Word for word, copy out the data below, omitting pictures.

[Dataset excerpt]

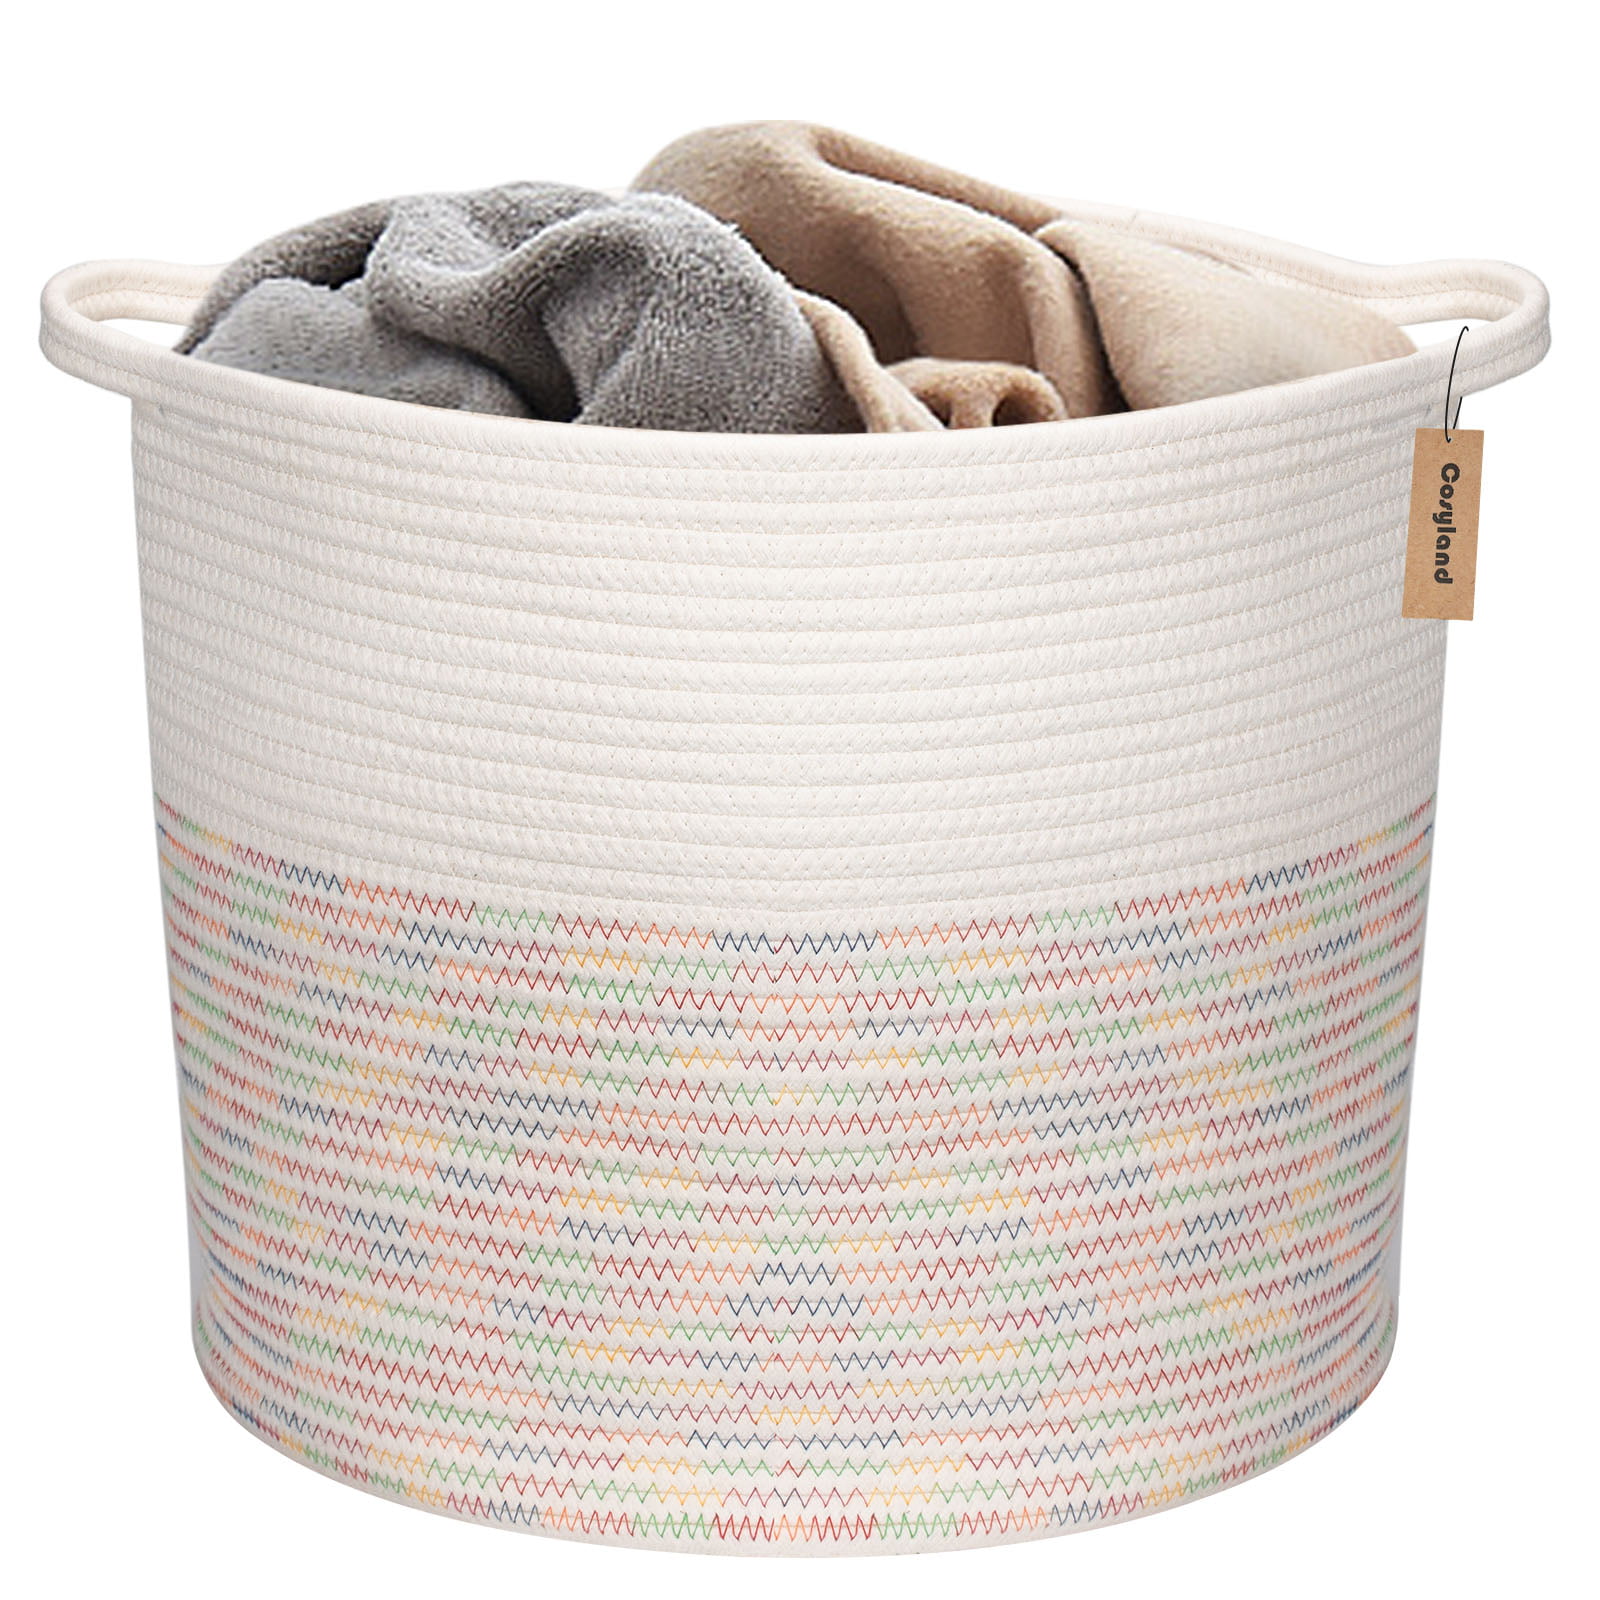 Laundry Basket Toy Bin Basket Towels Laundry Hampe Home Decor 14 x 14 x 12 Woven Storage Blanket Basket with Handles Large Cotton Rope Basket 
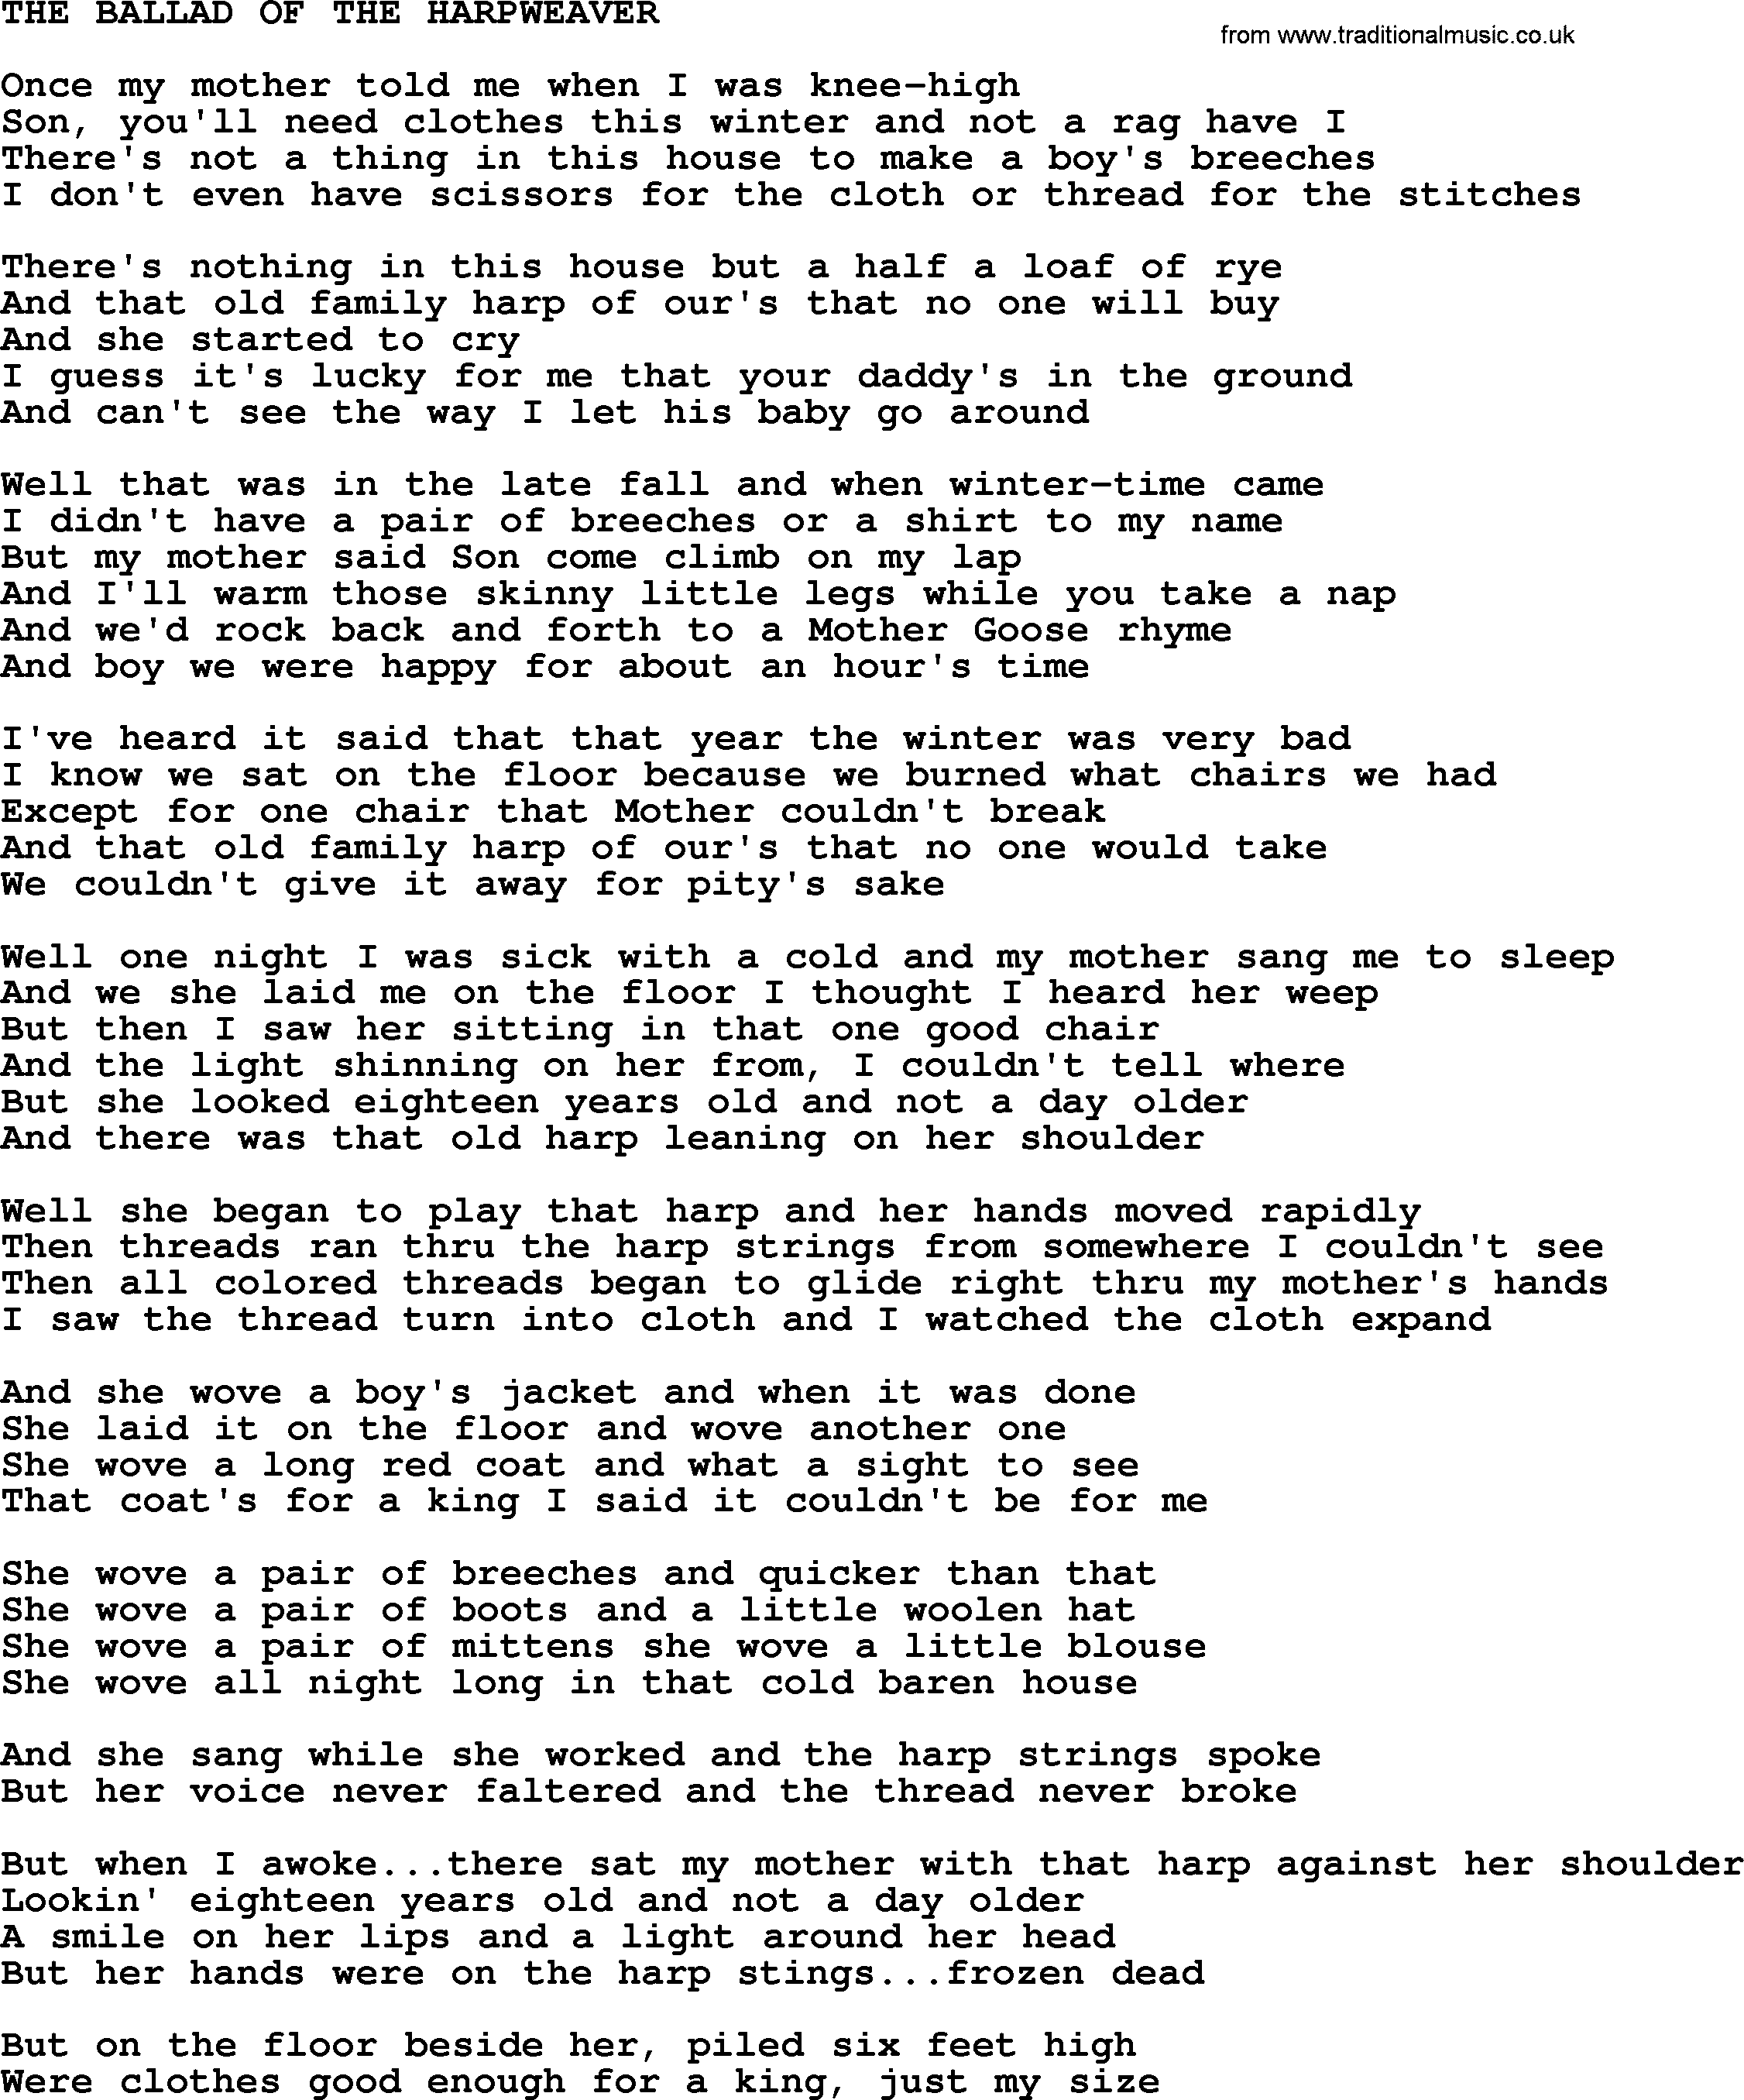 Johnny Cash song The Ballad Of The Harpweaver.txt lyrics
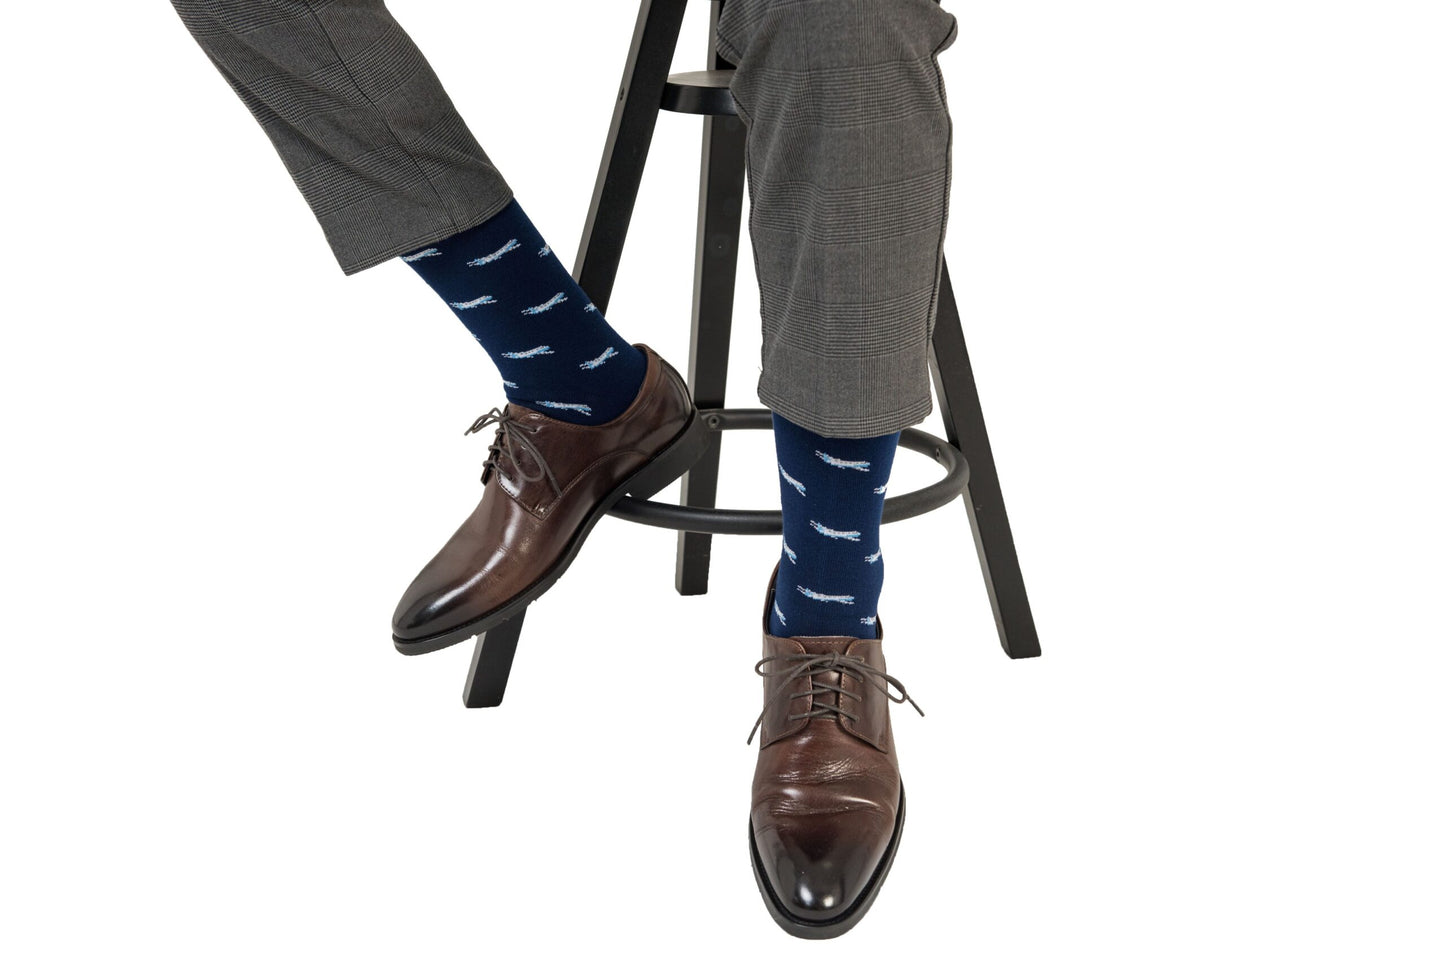 Description: A man sitting on a stool wearing a pair of Aeroplane Socks.

[/Dataset excerpt]

Output for this exercise:
 Laundry Basket Toy Bin Basket Towels Laundry Hampe Home Decor 14 x 14 x 12 Woven Storage Blanket Basket with Handles Large Cotton Rope Basket 
 Johnny Cash song The Ballad Of The Harpweaver.txt lyrics
 Description: A man sitting on a stool wearing a pair of Aeroplane Socks.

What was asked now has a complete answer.